Tequia Burt

From ‘Alabamaland’ to Sundance

The family farm inspires this visual artist

After a bad breakup in 2007, April Dobbins ’99 landed on the doorstep of her grandfather’s Alabama farm as a single mother, feeling like a failure.

“Having to return to this place made me feel like I wasn’t able to cut it in life,” she says.

At that moment, Dobbins, an aspiring writer, would never have dreamed that one day she would be tapped by the Sundance Film Festival as a filmmaker with a bright future. But that’s exactly what happened late last year when she was selected as one of four 2017 Sundance Knight Fellows for a five-day residency during the annual film festival.

Recognized for her short-film work and her upcoming documentary feature, Alabamaland, Dobbins attended the festival in January and hobnobbed with film industry leaders at screenings, roundtables, and panels, established relationships with new mentors, and pitched her ideas to award-winning producers and directors from all over the world.

Alabamaland is getting all of this attention, and it’s not even done yet,” she says. “It’s stressing me out. All this recognition and going to Sundance is really life-changing. Now it’s got to live up to all of this hype!”

Dobbins hopes to finish Alabamaland in the next couple of years. Although currently she lives in Miami, she plans to ramp up travel to the farm to once a month to speed up production.

Though Dobbins had spent most of her life trying to leave Alabama behind, it was on her 688-acre family farm that she was finally able to find her voice as a storyteller. She began taking photos to document everyday life on the farm with her grandfather. Though she only had a point-and-shoot camera, Dobbins soon began to experience success as a photographer that had proved more elusive as a writer. She then decided to chronicle her family farm’s history — and its uncertain future — in a documentary.

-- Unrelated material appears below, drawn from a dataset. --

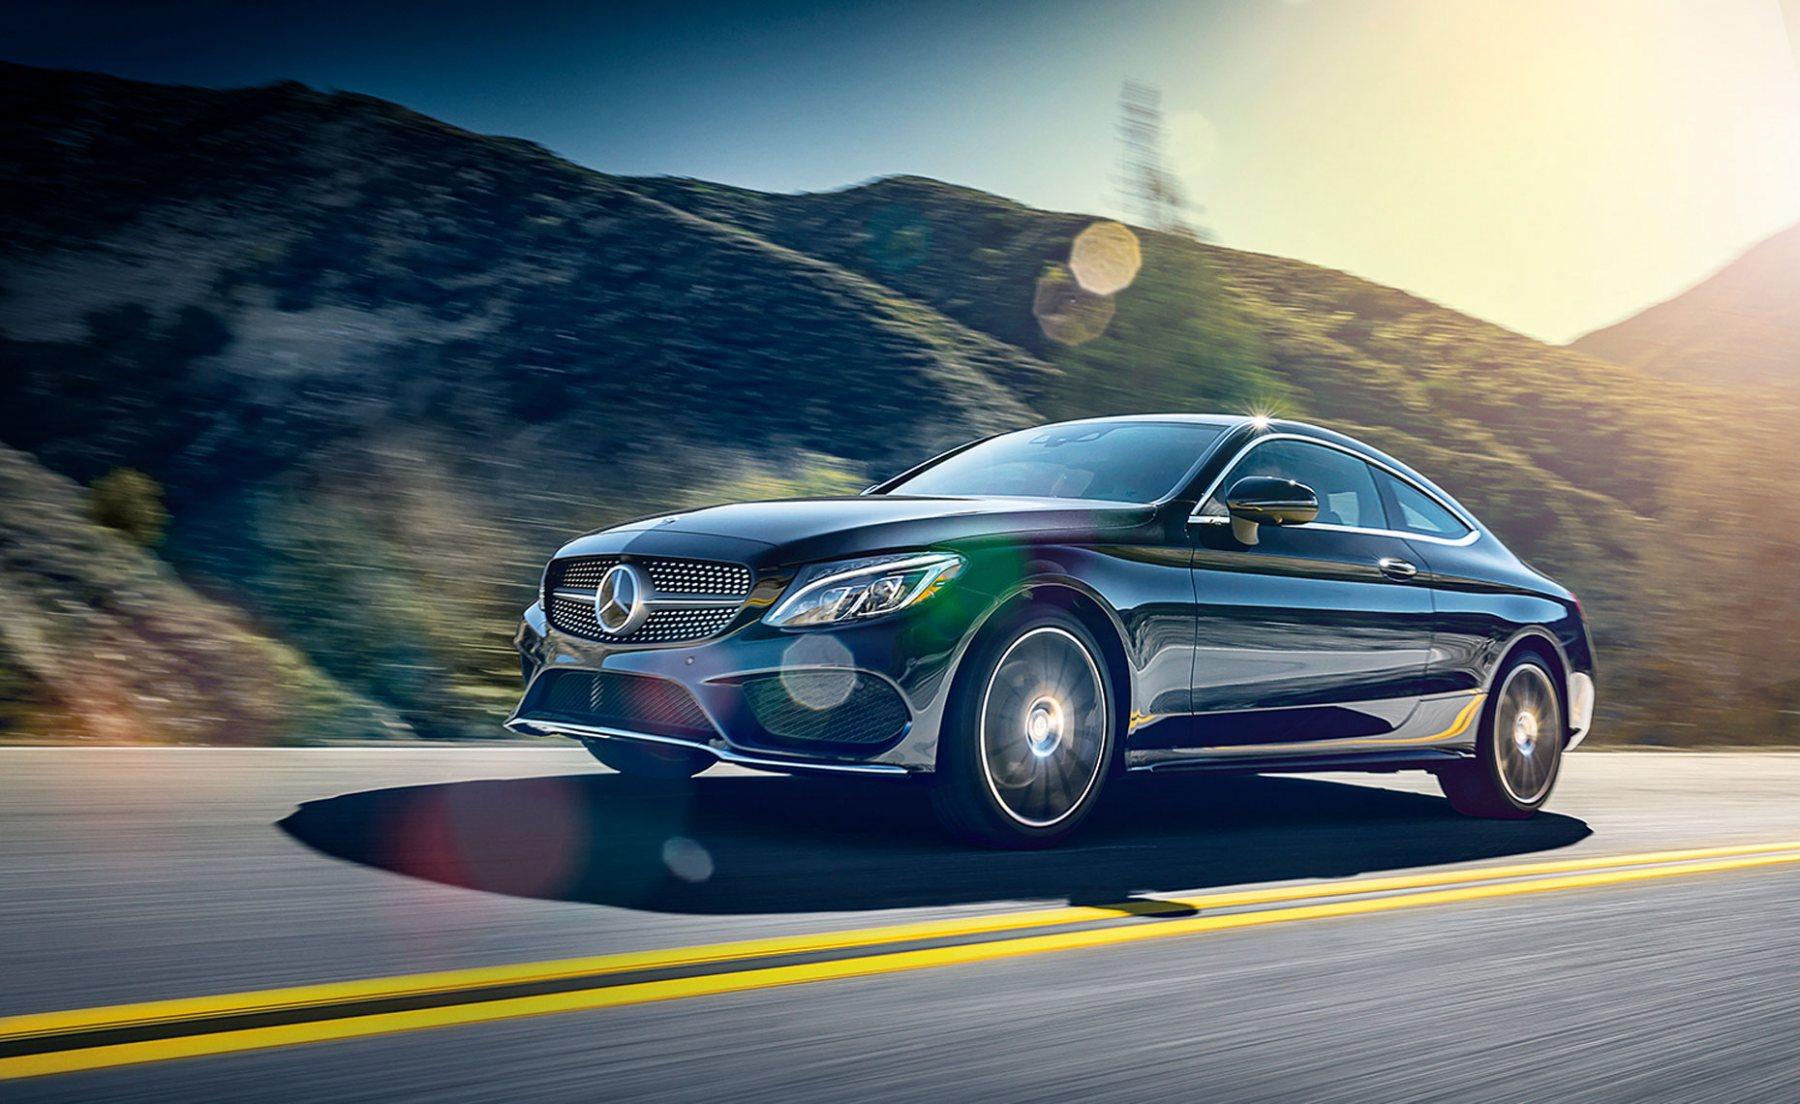 2016-02-MercedesBenzC300-AguaDulce-6148_V1x

“When this started out as a photography project, I thought of it as a journal. I’m talking about it as a documentary to high-level execs at companies like HBO, Netflix, and Amazon,” she says. “I was at Sundance pitching this quaint little story about a black family farm, but I was amazed that it resonated with so many different kinds of people.”

As a Grinnell student, Dobbins planned to pursue a theatre major and become an actress, a passion that Professor Sandy Moffett supported. However, after being typecast one too many times in student productions, Dobbins became interested in filmmaking because it gave her more control as an artist. Professor Katya Gibel Mevorach encouraged her to explore filmmaking, so Dobbins wrote and shot a few scenes that she presented at Grinnell’s Africana Studies Conference.

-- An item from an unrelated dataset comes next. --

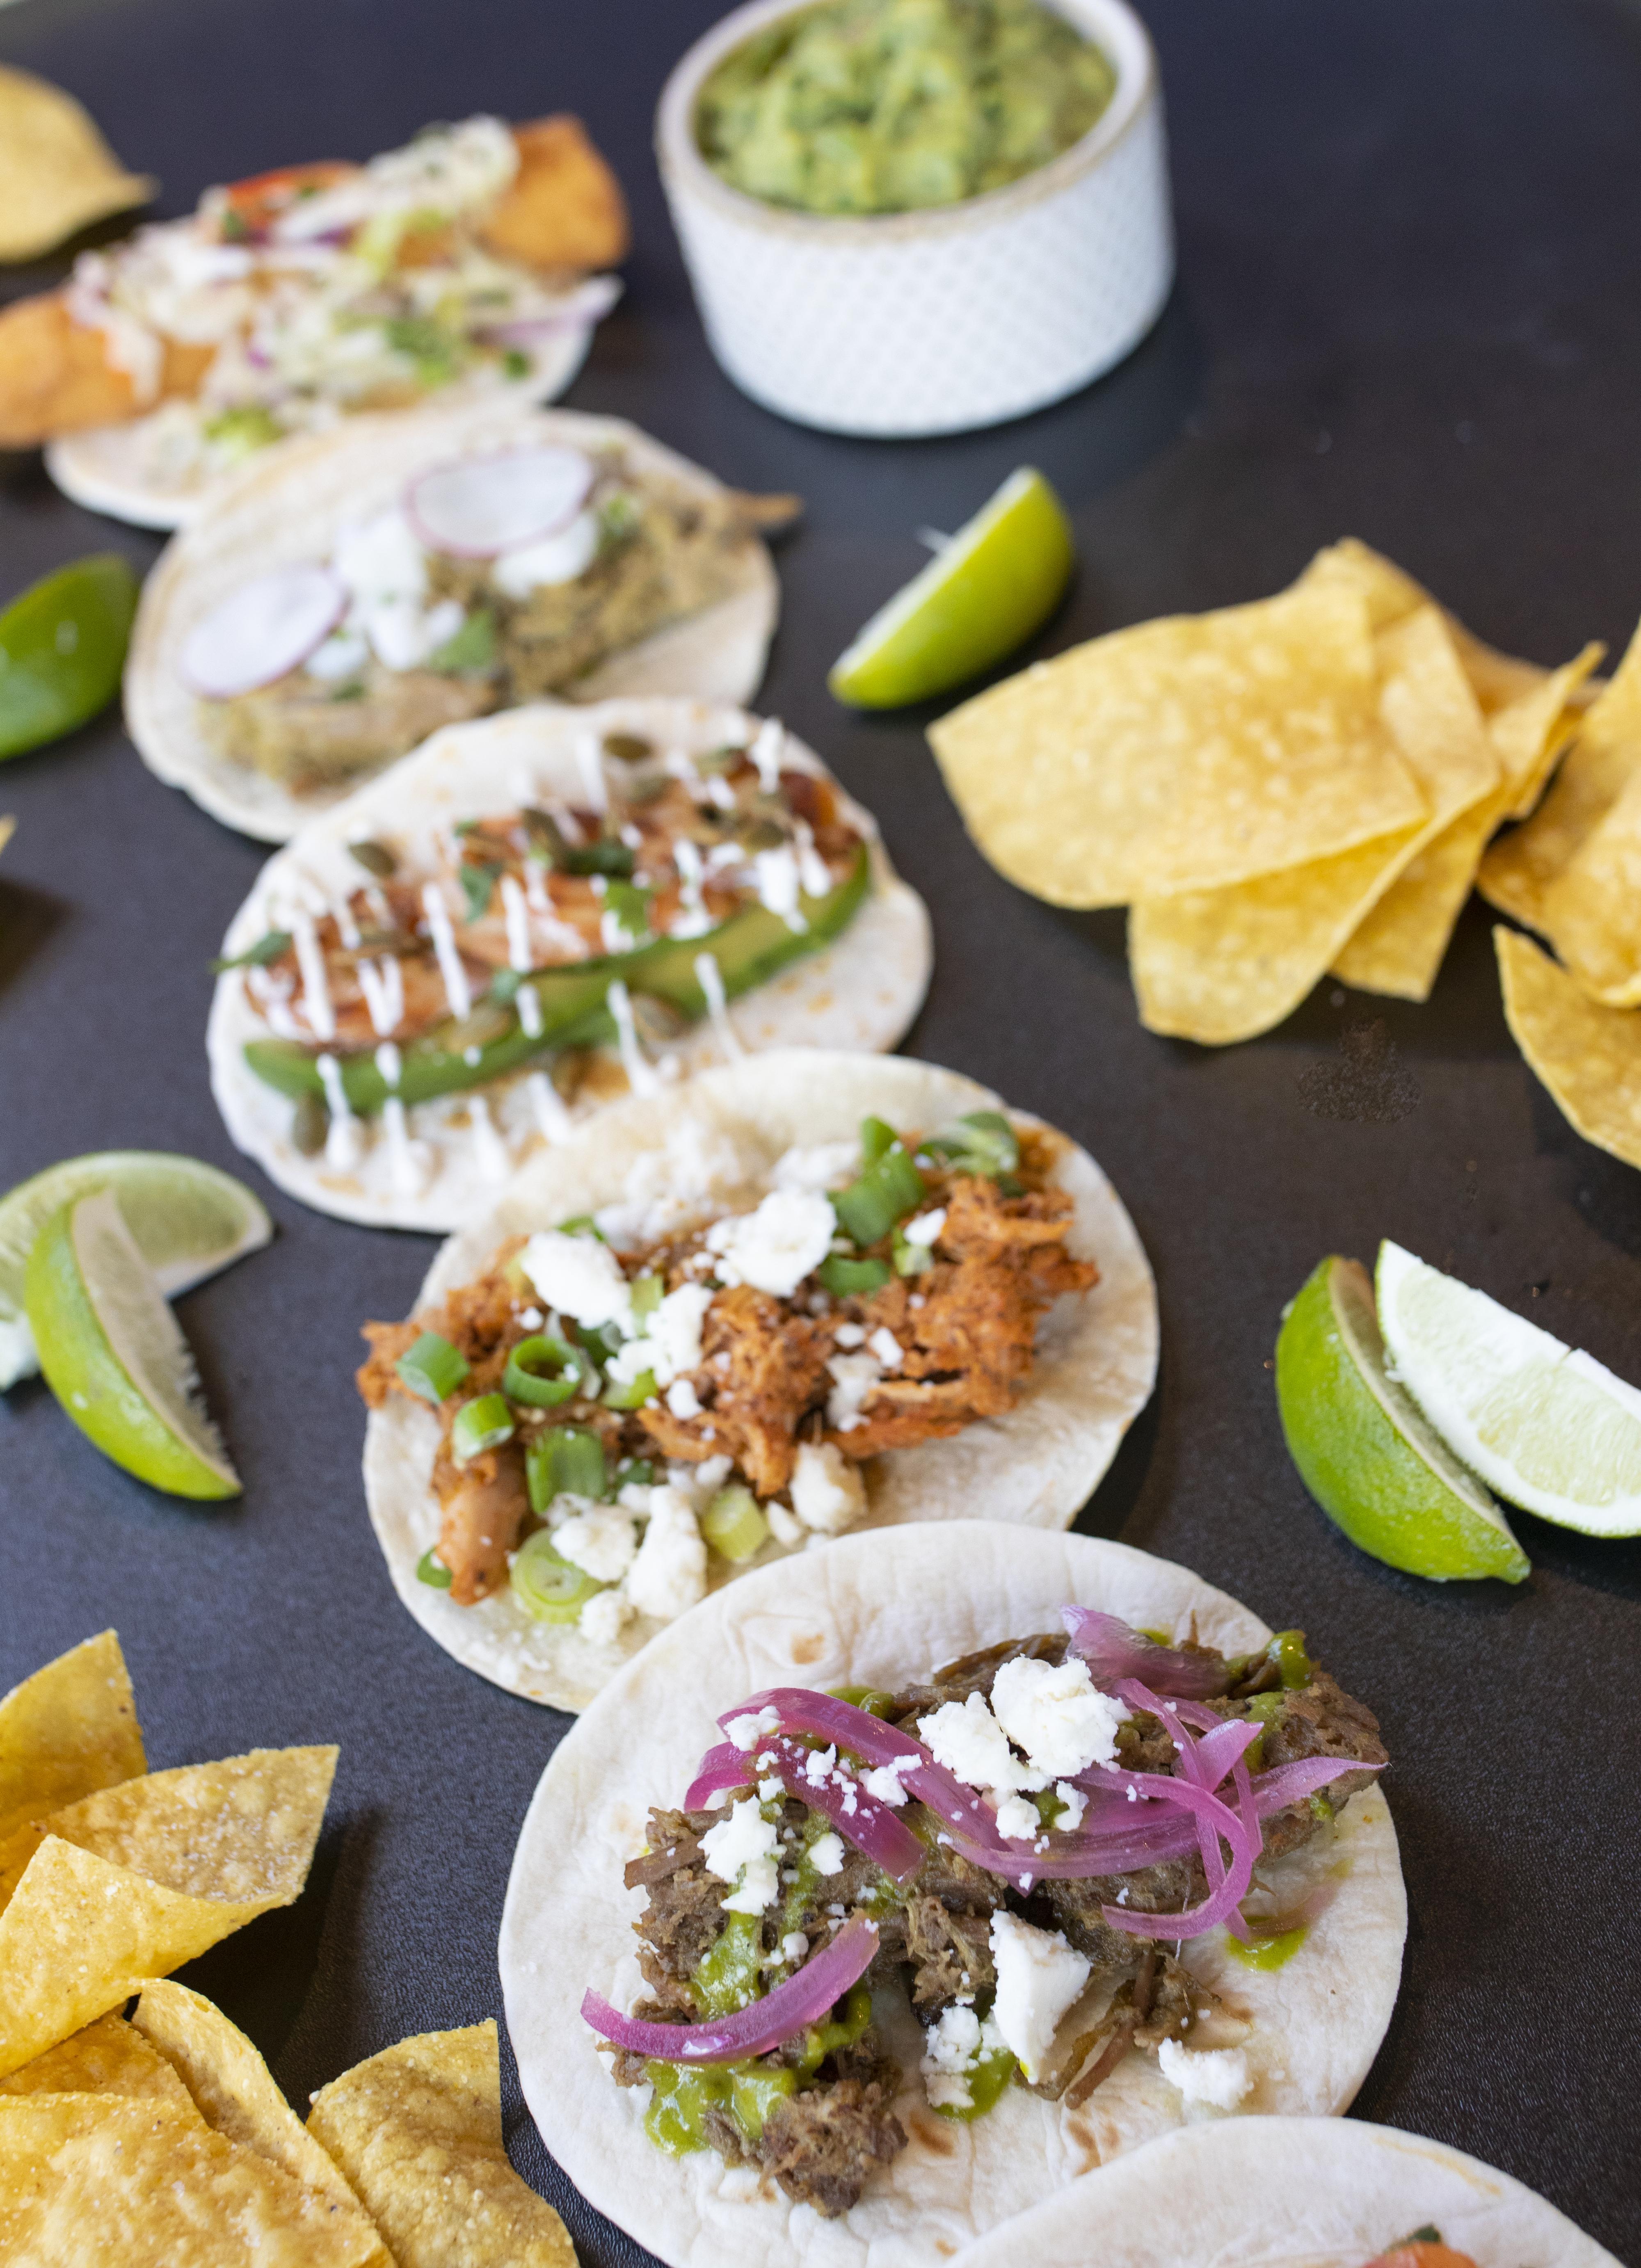 Street Taco Taqueria Opens at Marietta Square Market Food Hall

But it was just two years ago that Dobbins wrote and co-directed her first short film, Cutter. Since then she’s worked on numerous others, most recently producing the short film Paradise. Her films have been screened at festivals across the country, including the Los Angeles Black Film Festival, Key West Film Festival, Baltimore International Black Film Festival, and Filmgate Miami’s NoLA Film Festival. Presently, she is earning an M.F.A. in motion pictures at the University of Miami.

Most artists need a day job, so Dobbins is currently the director of prestigious awards and fellowships at the University of Miami. In her role, she advises students who are applying for internationally competitive awards and fellowships. Though she loves motivating those students, one day she would love to focus fully on filmmaking.

“Keep being a dreamer,” she advises. “Sundance is a celebration of artistic folks who took a risk and made a film. They come from all over the world. For some, it’s their first film. Others are established filmmakers. It’s like attending the filmmaker’s version of the Olympics. People are out here making inspiring art against all odds.”